5. Before they were crowned they had to accept the ______English Bill of Rights_____passed by Parliament in 1689. This gave Parliament power over the monarchy and granted many rights to the citizens (trial by jury and no cruel punishments). This turned England into a ______limited monarchy______. With time it will evolve into a constitutional government with political parties, a cabinet system, and prime minister.

6. The ___Enlightenment_____is the period during the 1600s and 1700s in which educated Europeans changed their outlook on life by seeing reason as the key to human progress. It is also known as the ____Age of Reason____.

7. Philosophers wanted to use newly developed ideas about natural laws and reason of the Scientific Revolution for problems in ______government and society______.

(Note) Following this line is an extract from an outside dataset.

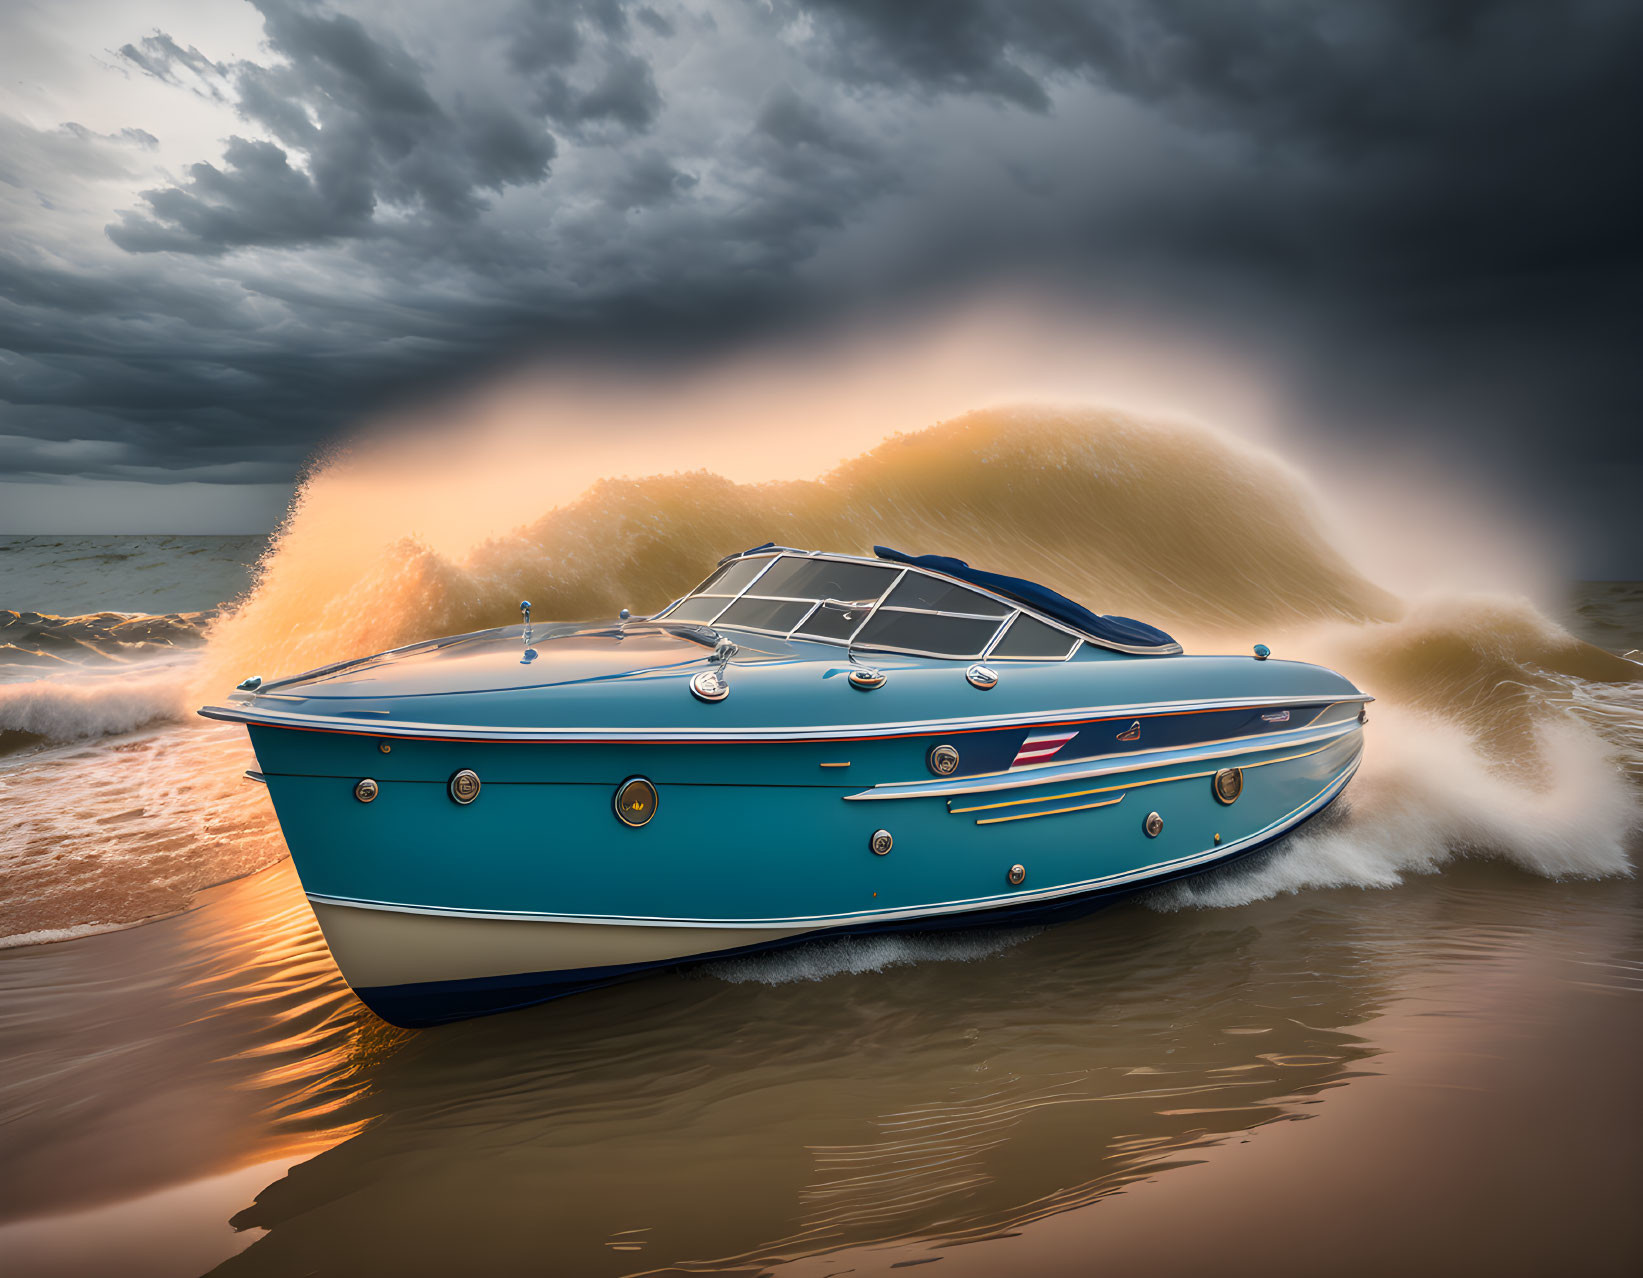 Blue glossy motorboat speeding on water under dramatic sky

8. Many of these thinkers questioned the belief in the divine right of kings and stressed ______individual rights______that governments should respect. Many also felt that people should have a say in their government.

9. Enlightenment ideas about government can be found in our ______Declaration of Independence_____
and_____Constitution______.

10. ____Thomas Hobbes______believed people are naturally selfish and greedy therefore people enter into a social contract because only a powerful ____government______could keep order.

11. _____John Locke______believed the purpose of government was to protect the people’s natural rights. His ideas can be found in the ______Declaration of Independence______.

12. ______Denis Diderot______edited and published the Encyclopedia to “change the general way of thinking.”

13. ______Voltaire______defended freedom of thought. He said: “My trade is to say what I think.”

14. ______Montesquieu______advocated the idea of separation of powers in government.

15. ______Rousseau______promoted the idea that people in their natural state were essentially good but their innocence was corrupted by the evils of society.

16. ______Mary Wollstonecraft______argued that women deserved the same rights and opportunities as men and inspired many later leaders of the women’s rights movement in America.